Download Model Checkpoints

# Set your Hugging Face token (required for access)
export HF_TOKEN=your_huggingface_token_here

# Install huggingface_hub CLI
pip install huggingface_hub[cli]

# Download the LoRA model (change filename for other models)
huggingface-cli download SaltySander/MOSAIC checkpoints/mosaic-perceiver-biogpt-lora.pt --local-dir . --local-dir-use-symlinks False

Inference Example

from mosaic.model_factory import create_model, load_pretrained
import torch
import os

# Model configuration
model_name = "coca_stage_2_perceiver_lora_uni"  # Use appropriate config for your model
pretrained_path = "checkpoints/mosaic-perceiver-biogpt-lora.pt"
device = "cpu"  # or "cuda" if available

# Create model and tokenizer
model, tokenizer, amp, input_dtype = create_model(
    model_name=model_name,
    pretrained=None,
    precision="bf16",
    device=device,
    init_tokenizer=True,
)

# Load pretrained weights
load_pretrained(model, pretrained=pretrained_path, device=device)

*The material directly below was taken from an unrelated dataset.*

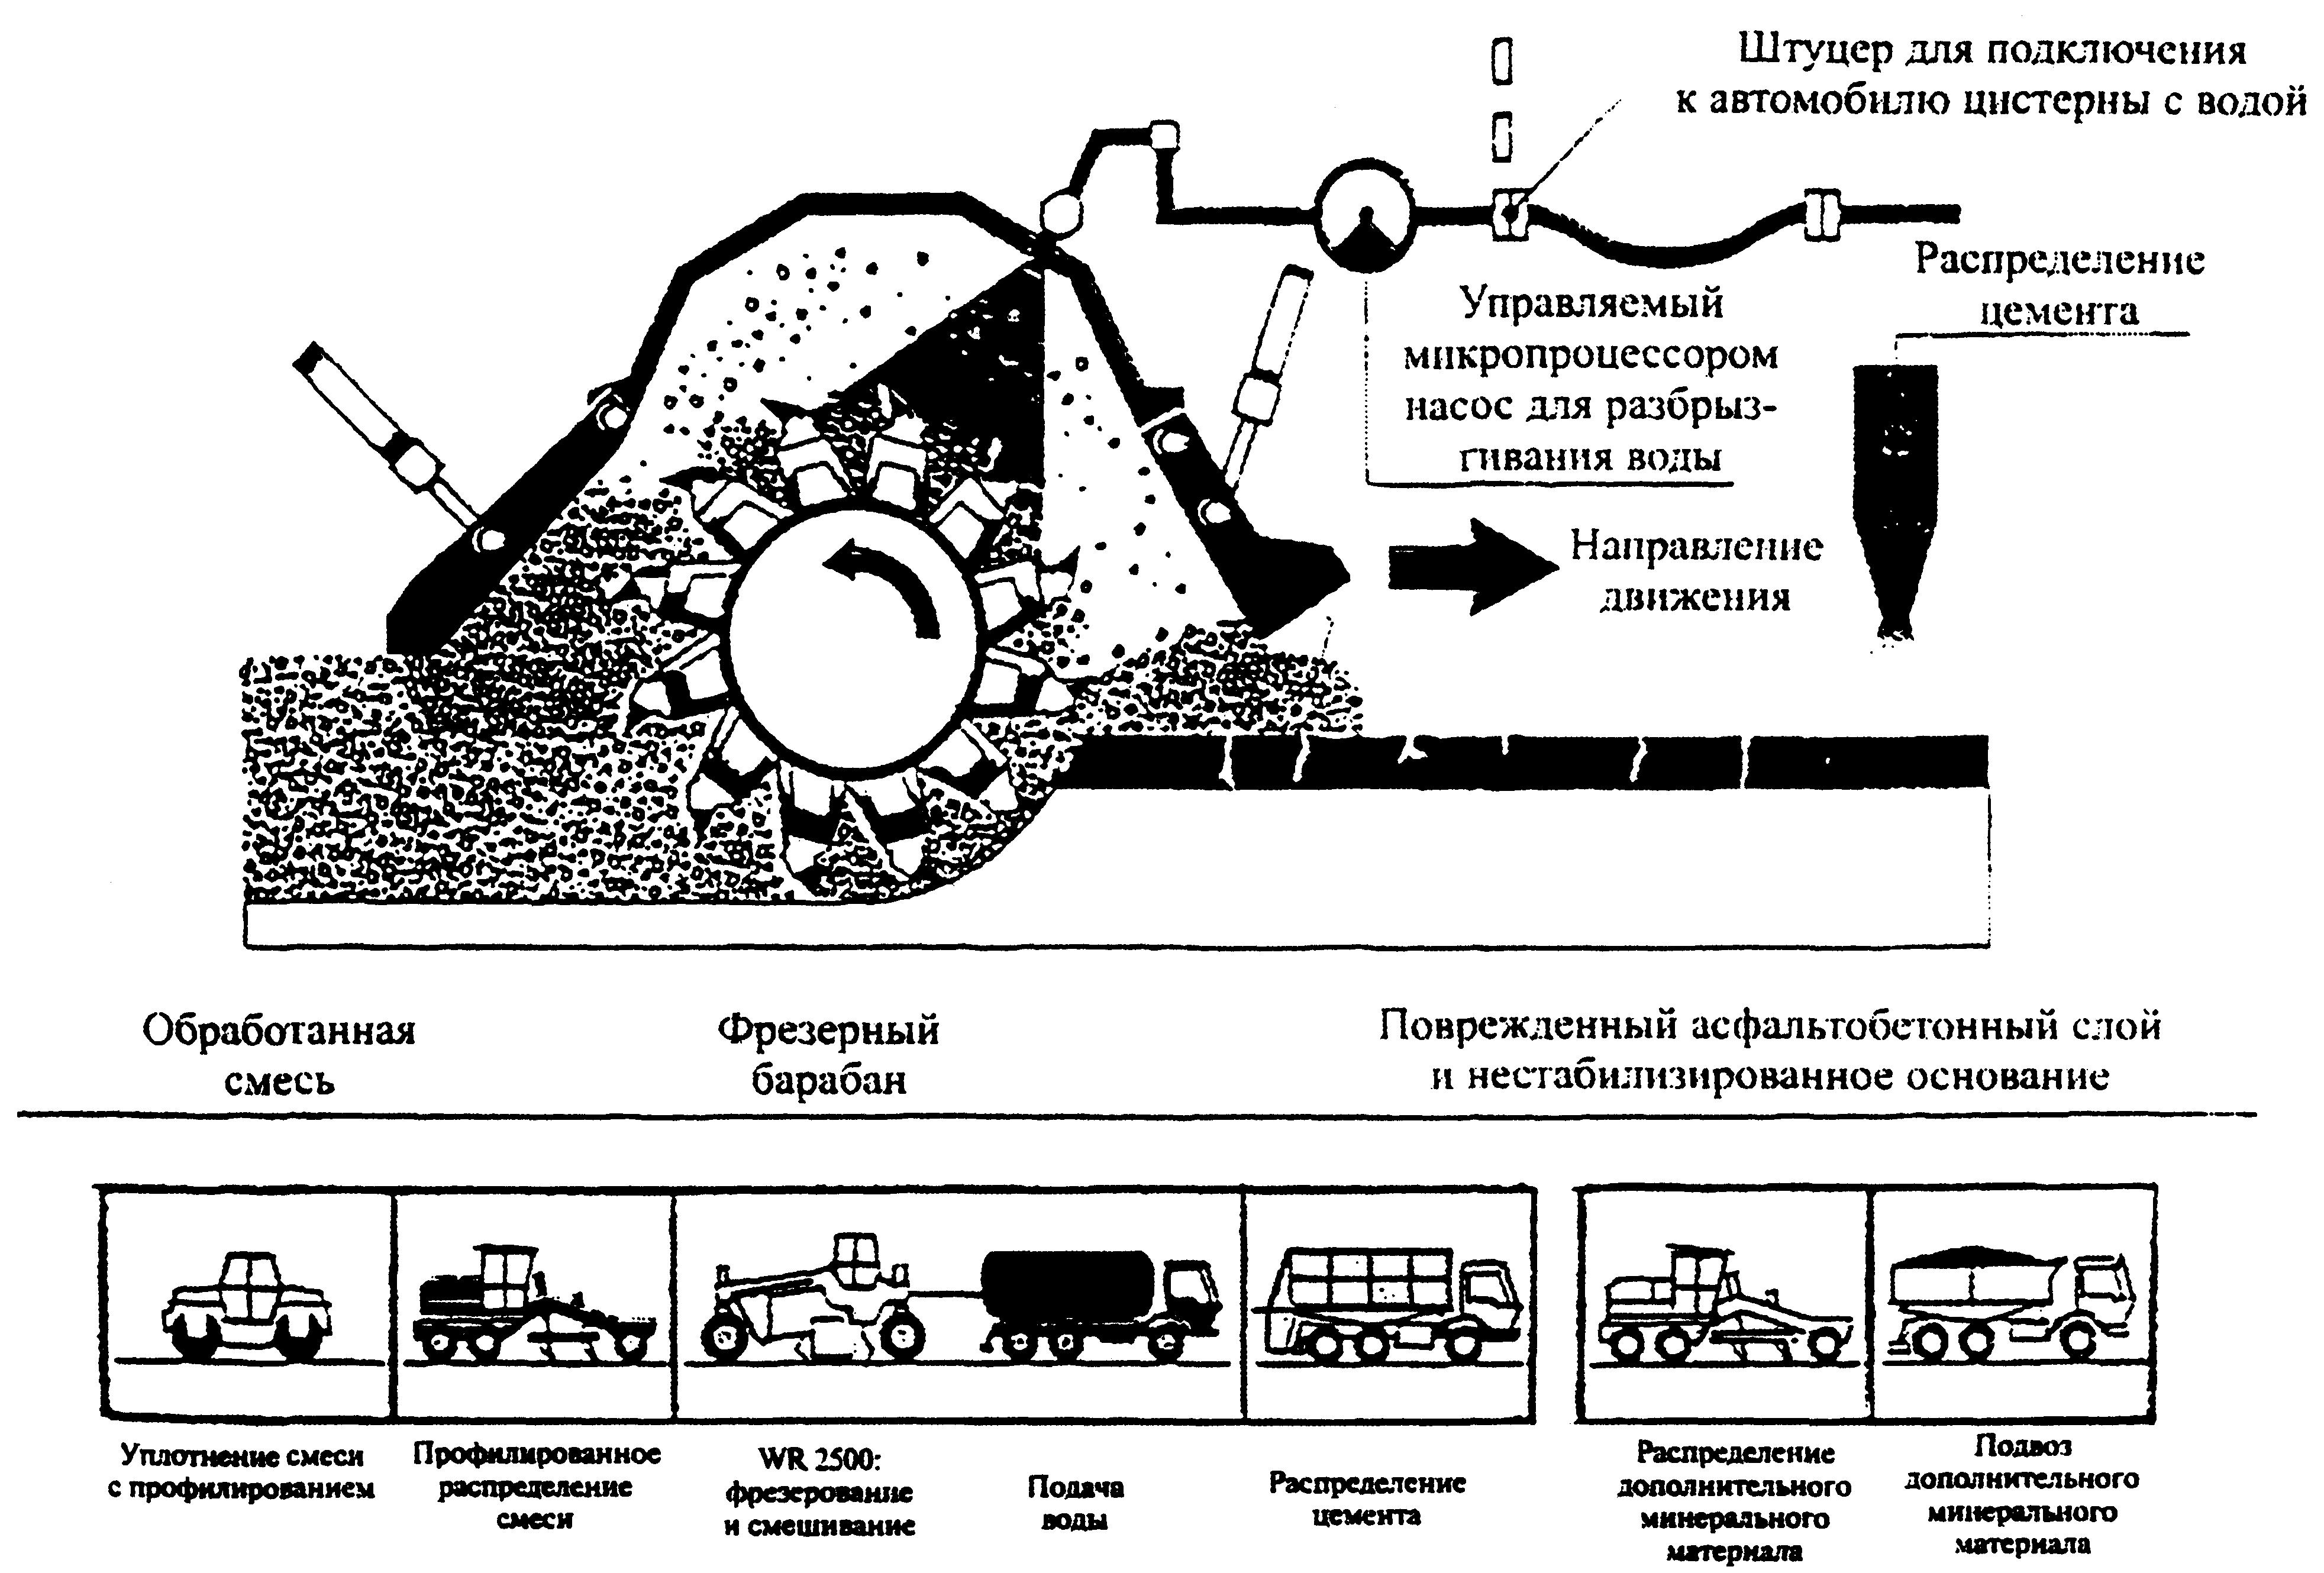 Технологическая схема асфальтобетонного покрытия

def load_features_from_pth(file_path: str) -> torch.Tensor:
    """Load features from a .pth file with nested dictionary structure."""
    data = torch.load(file_path, map_location=device)
    features_list = []
    
    for level_key in data.keys():
        level_data = data[level_key]
        for patch_id in sorted(level_data.keys()):
            if "feature" in level_data[patch_id]:
                feature = level_data[patch_id]["feature"]
                if not isinstance(feature, torch.Tensor):
                    feature = torch.tensor(feature)
                features_list.append(feature.to(device))
    
    if features_list:
        stacked_features = torch.stack(features_list, dim=0)
        return stacked_features.unsqueeze(0) 
    else:
        raise ValueError(f"No features found in {file_path}")

# Generation parameters
generation_params = {
    "seq_len": 128,
    "max_seq_len": 128,
    "temperature": 1.0,
    "generation_type": "top_k",
    "top_k": 1,
    "min_seq_len": 5,
    "repetition_penalty": 1.1,
}

# Process slide features (example)
slide_path = "path/to/your/slide_features.pth"
visual_features = load_features_from_pth(slide_path)

model.eval()
with torch.no_grad():
    # Generate pathology report
    generated_ids = model.generate(
        image=visual_features,
        sot_token_id=tokenizer.all_special_ids[0],
        eos_token_id=tokenizer.all_special_ids[1],
        pad_token_id=tokenizer.all_special_ids[3],
        **generation_params,
    )
    
    # Decode generated text
    generated_text = tokenizer.decode(generated_ids[0], skip_special_tokens=True)
    print(f"Generated Report: {generated_text.strip()}")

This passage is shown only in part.